What are Lifetime Homes?

“Lifetime Homes are ordinary homes designed to incorporate 16 Design Criteria that can be universally applied to new homes at minimal cost. Each design feature adds to the comfort and convenience of the home and supports the changing needs of individuals and families at different stages of life.

Lifetime Homes are all about flexibility and adaptability; they are not ‘special’, but are thoughtfully designed to create and encourage better living environments for everyone. From raising small children to coping with illness or dealing with reduced mobility in later life, Lifetime Homes make the ups and downs of daily living easier to manage.”

I believe we should all have these criteria in our minds when we are searching for a new home, or making alterations to our homes.  After all, we invest our hearts in our homes, so why wouldn’t we want to make sure they are as welcoming to all our friends and family as possible? And, as we invest our money (the biggest investment most of us will ever make!), let’s make sure we’re providing ourselves with a physical insurance policy, a house that can adapt smoothly to our future needs!

We just need the knowledge, the inspiration and the opportunities, to be able to make these choices for life long happy homes!

So to my top 10….

1. There are not enough!

Accessible homes are just not readily available.

Those who need an accessible home usually struggle to find anything suitable and many people need to adapt whatever they can find (this is practically impossible on the private rental market!).  It’s very rare to find a fully accessible property.  Even bungalows often have steps at the entrance and narrow doorways and corridors!

And even if you are to you build your own grand design, there are so very few great examples out there to inspire, that those who need accessibility features often end up feeling that it’s too clinical and people who don’t currently have access issues are just not encouraged to think inclusive, so unfortunately it’s just not at the top of the agenda.

I’d like us to change that!

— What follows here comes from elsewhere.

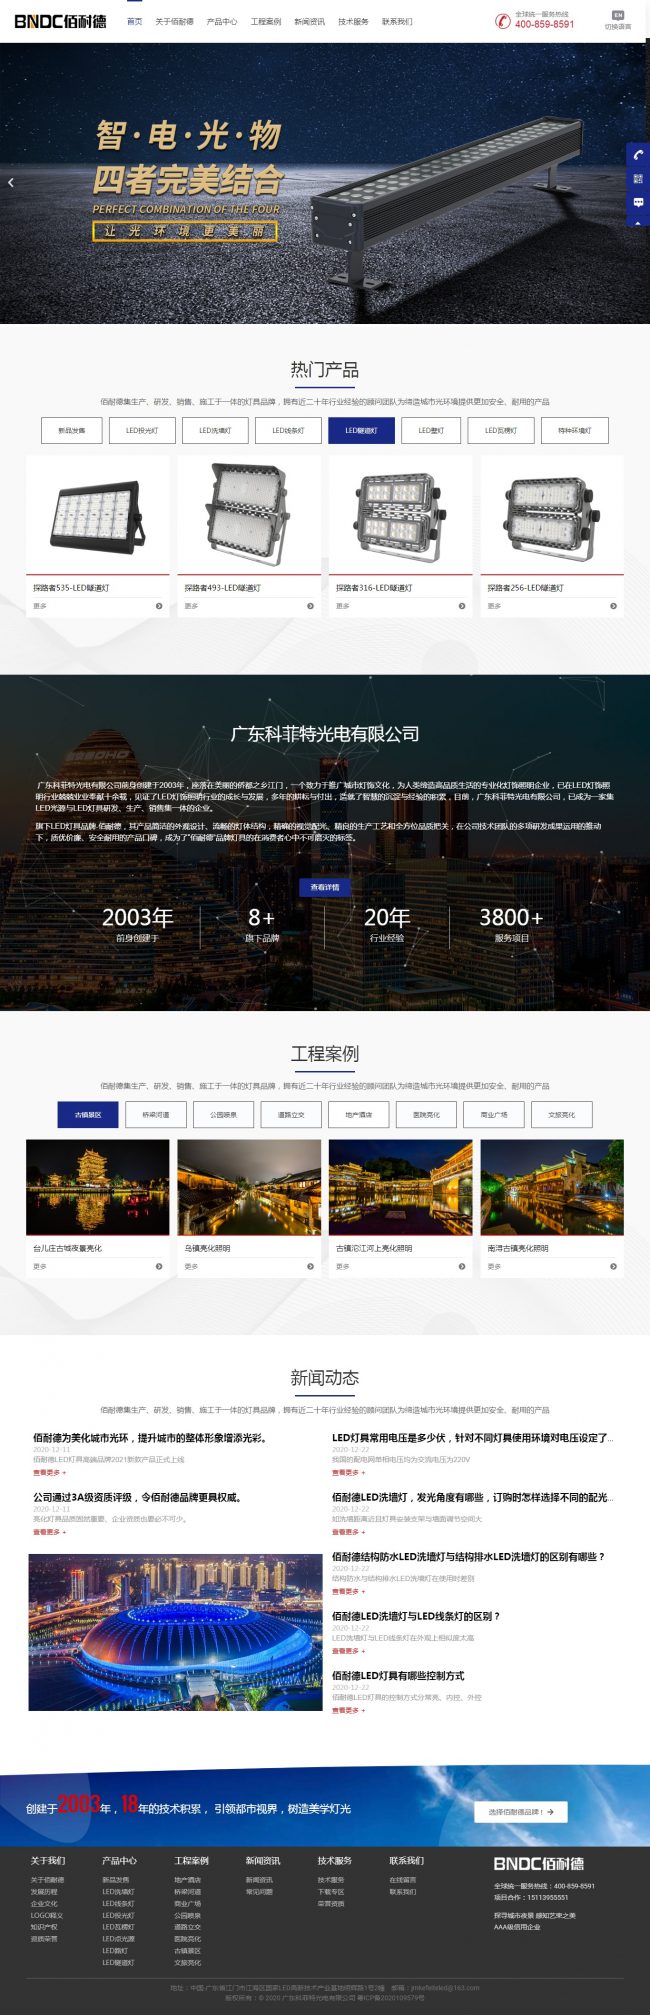 上海双创投资中心 网站建设报价方案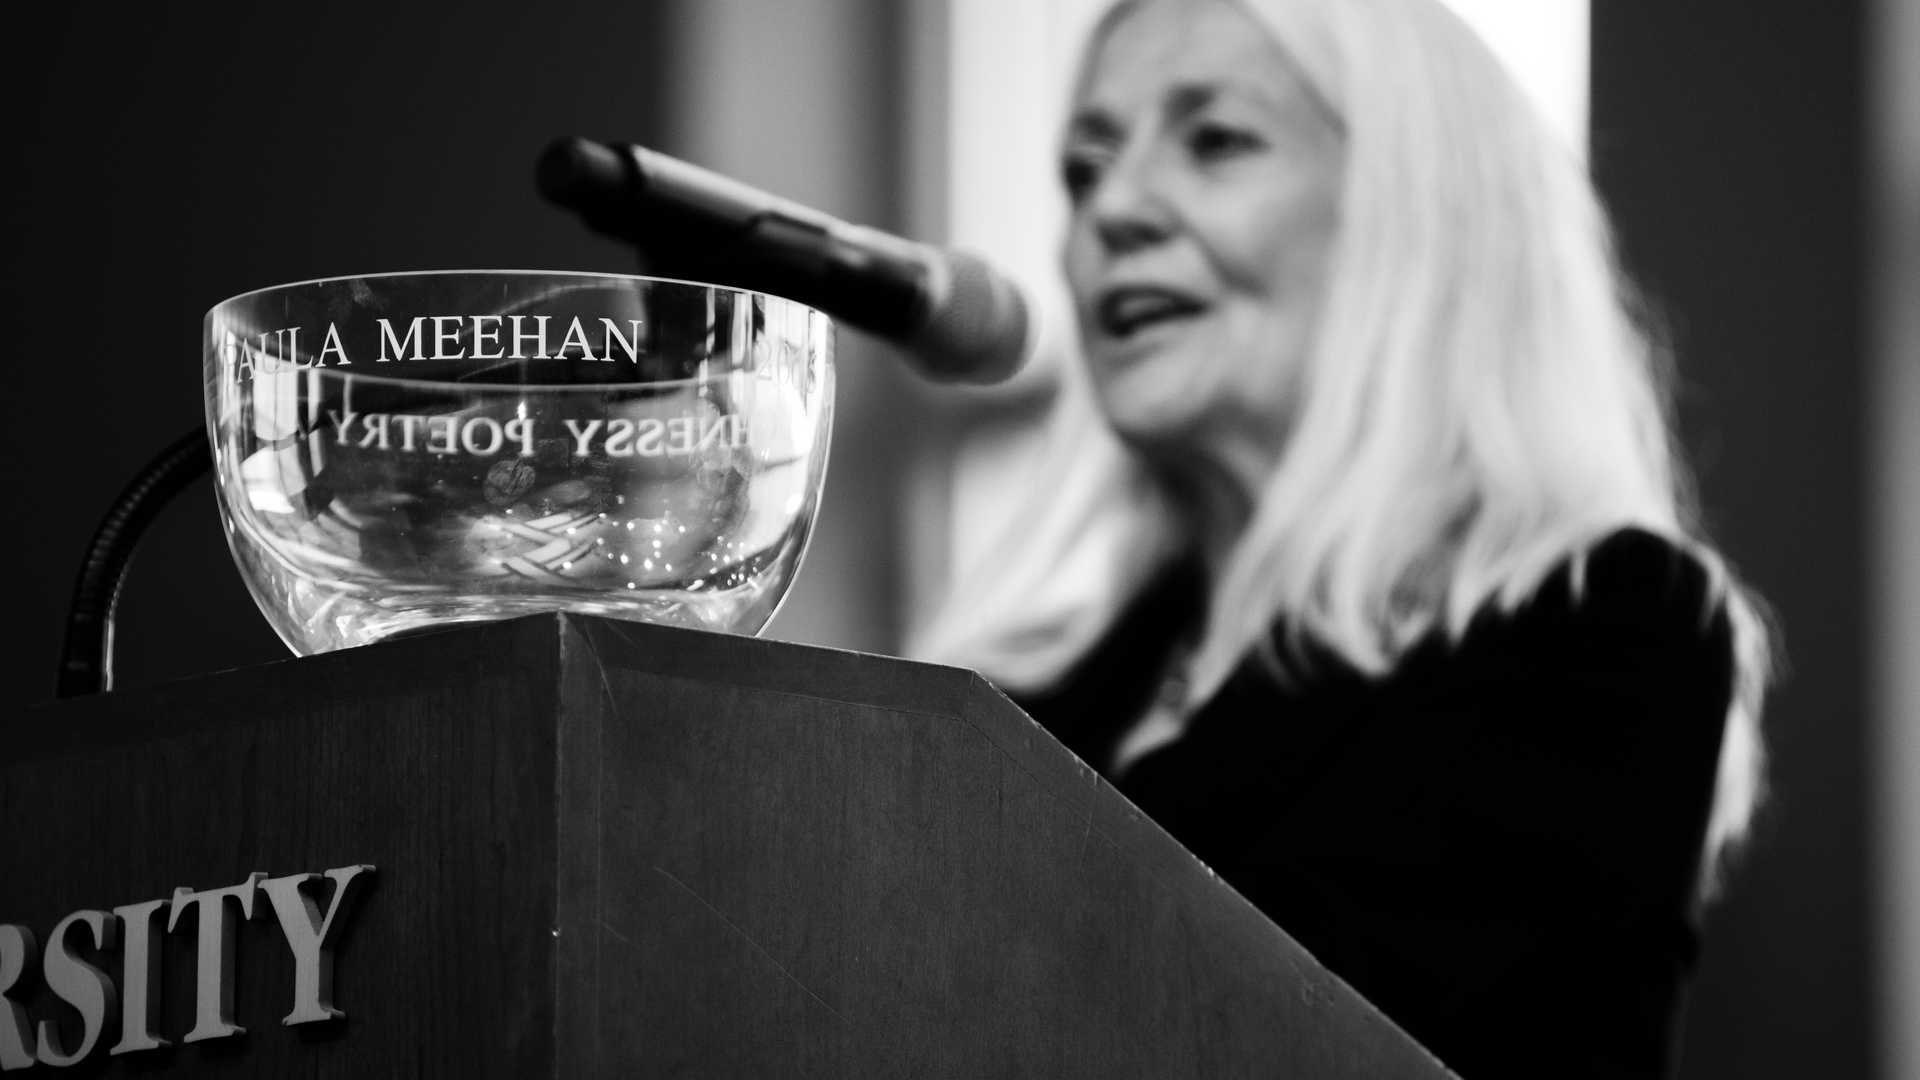 Paula Meehanaccepts award at the Irish Poetry Society Reception.

Let’s stop treating accessible and inclusive design as niche! I’d love to see great hints and examples of inclusive design in the magazines and the home design TV shows!

2. You don’t have to be old or disabled

….to benefit from an accessible home!

Many of us share access needs but many of us just ‘put up’ with the way things are, the way things have always been done.

Small children are only small for a limited period of time, so we don’t change our homes specifically for that period in our lives – but how much easier would it be if homes were pre-designed to be ‘wheel friendly’!?  For getting in and out with buggies, little ones crawling or bum shuffling, first steps with a baby walker, and later on perhaps bringing scooters and/or bikes through the house to the back garden?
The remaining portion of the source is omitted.